I have watched videos of people trying to clean stove tops with baking soda and vinegar without getting as much grease off as I like. 
I use rubbing alcohol on a paper towel to clean grease off of stainless steel and porcelain (Is that what a white stove is made of?). I test the alcohol on a small part where it can't be seen if the alcohol does something weird. I have never had any problems with the stove, refrigerator, dishwasher, stainless steel range hood, and tile floor. I have a very old stainless steel sink that had crusted grease on it from many years ago that I cleaned like new with a green scrubbie and alcohol. 
Alcohol denatures the grease and begins to break it down before wiping.


----------



## Danaus29 (Sep 12, 2005)

I use Borax and dish soap on stainless steel, just dish soap on stove tops and counters. Vinegar and baking soda together neutralize each other and neither works very well to break down grease, in my experience.

Painted stoves are usually enameled, old white sinks are porcelain over steel.

I did have issues with getting the grease off my range hood. I found a product that broke that up extremely well. It also worked to remove the yellow stains off my pillow cases. I'll have to find the bottle to get the name.


----------



## newfieannie (Dec 24, 2006)

Lestoil?


----------



## Mike in Ohio (Oct 29, 2002)

Acetone, for the really tough jobs.


----------



## kinnb (Oct 23, 2011)

Purple Power was what my landlord had me to use when I was a property manager. Cheap and readily available at Advance Auto and such. That stuff will take off nicotine, grease, you name it. 
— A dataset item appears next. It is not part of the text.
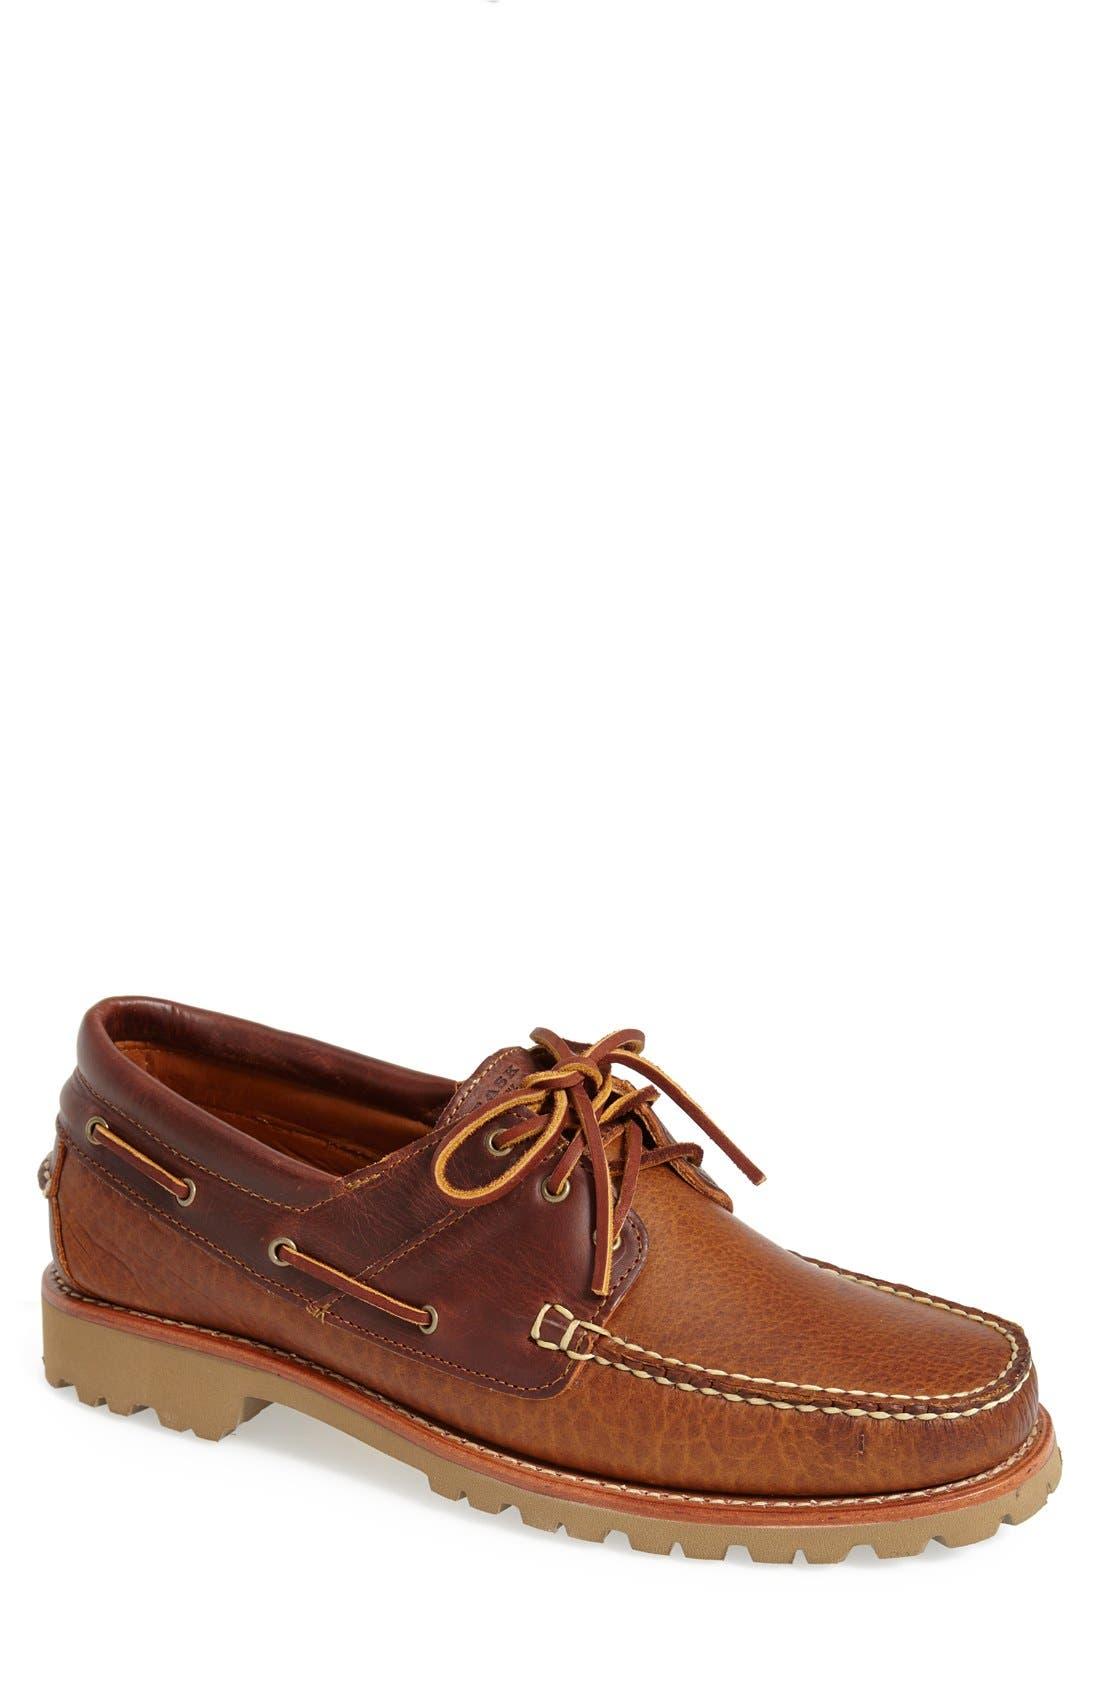 'Custer' Boat Shoe,                             Main thumbnail 1, color,                             Whiskey

Now that I have chemical allergies, I use Method Heavy Duty Degreaser, especially for inside the oven. A friend turned me on to it, and it does just about as well as the Purple Power. It can be super tricky to find. I order it now from grove.co WHEN they have it in stock. 

I may give the alcohol a shot next time I run out and have to wait for a restock. Thanks for the tip! 

Peace,
Kyrie, Tao Blue SD AKC CGC CGCA CGCU TKN PAT, Deja Blue SD AKC CGC CGCU TKN PAT


----------



## Danaus29 (Sep 12, 2005)

Miracle Mist, orange label, the degreaser not the mold mildew remover.
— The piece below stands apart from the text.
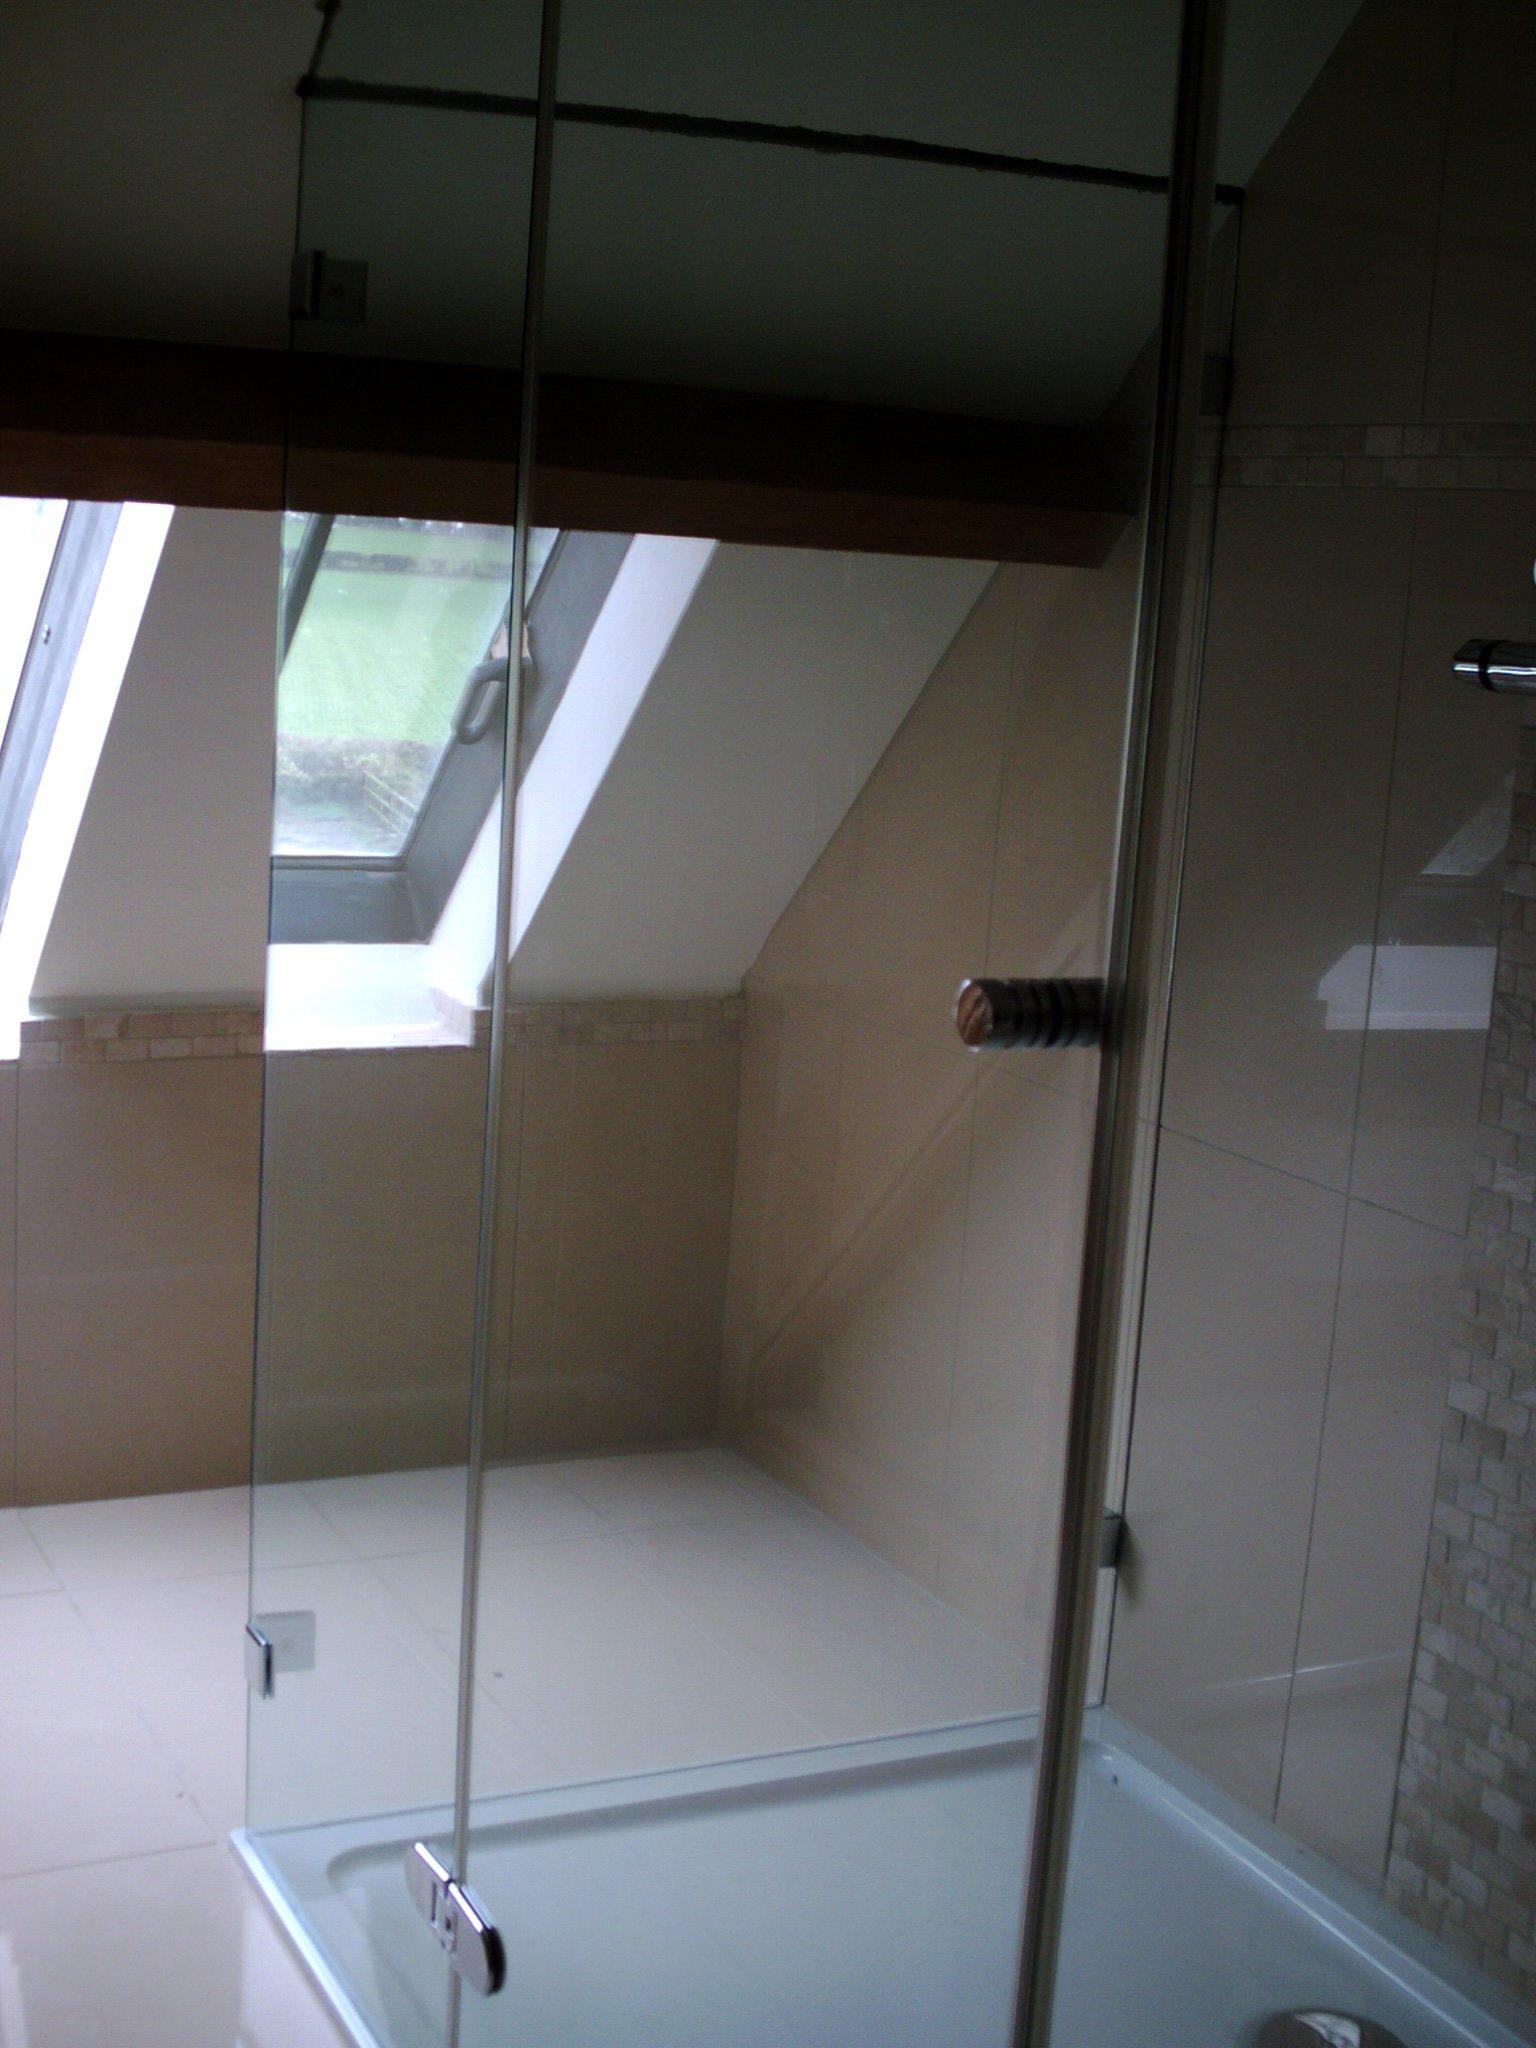 Bespoke glass installations

Not Lestoil, that stuff stinks! I hated how it made my hands smell, back in the day before gloves were recommended on the bottle.

Rubbing alcohol might be harder to find than the Method degreaser and more expensive. Last bottle of alcohol I bought was $2 for 16 ounces. It was the only bottle left on the shelf and the only one I have seen in 2 months.


----------